__MATERIAL FOR THE TASK__:
==*==
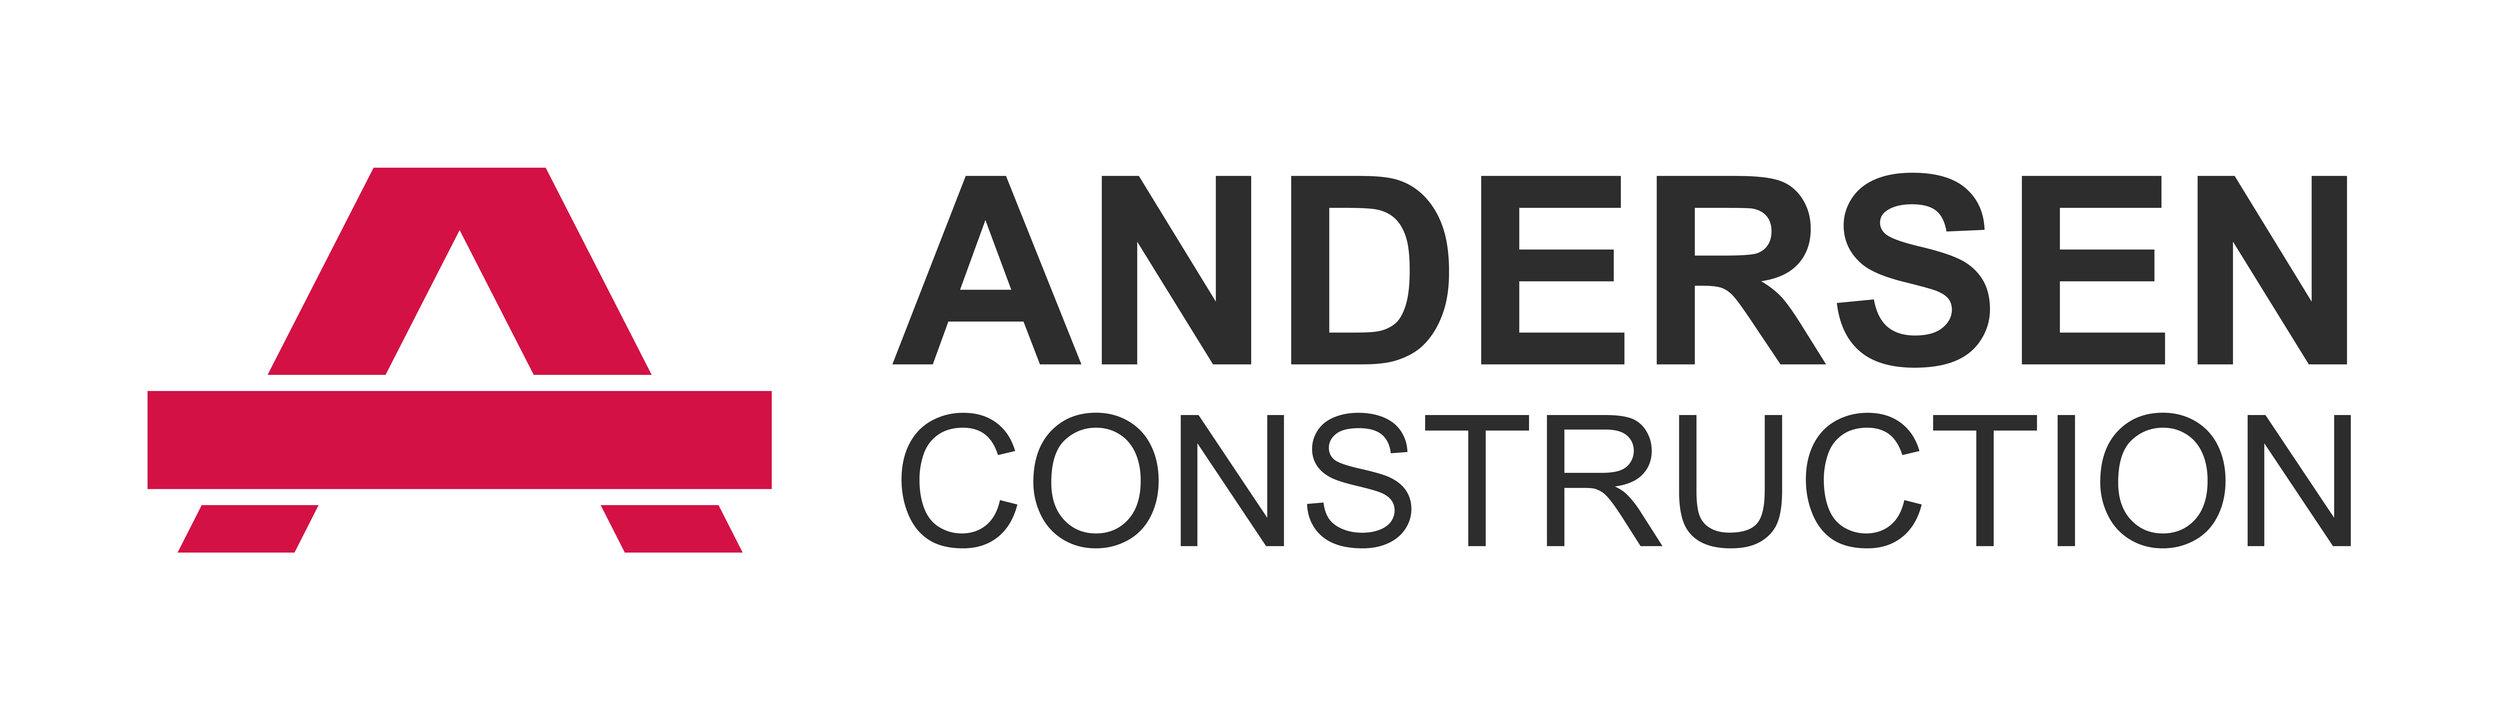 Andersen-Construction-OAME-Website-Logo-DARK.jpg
==*==
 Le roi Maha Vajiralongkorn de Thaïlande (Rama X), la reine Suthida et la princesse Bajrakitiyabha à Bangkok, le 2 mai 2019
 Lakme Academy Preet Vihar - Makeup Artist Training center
==*==
__WORK REQUIRED__:
Your answer should consist only of the lines above between the line holding "Le roi Maha" and the line holding "Lakme Academy Preet", inclusive, each transcribed exactly.

__REPLY TO THE EXERCISE__:
 Le roi Maha Vajiralongkorn de Thaïlande (Rama X), la reine Suthida et la princesse Bajrakitiyabha à Bangkok, le 2 mai 2019
 Lakme Academy Preet Vihar - Makeup Artist Training center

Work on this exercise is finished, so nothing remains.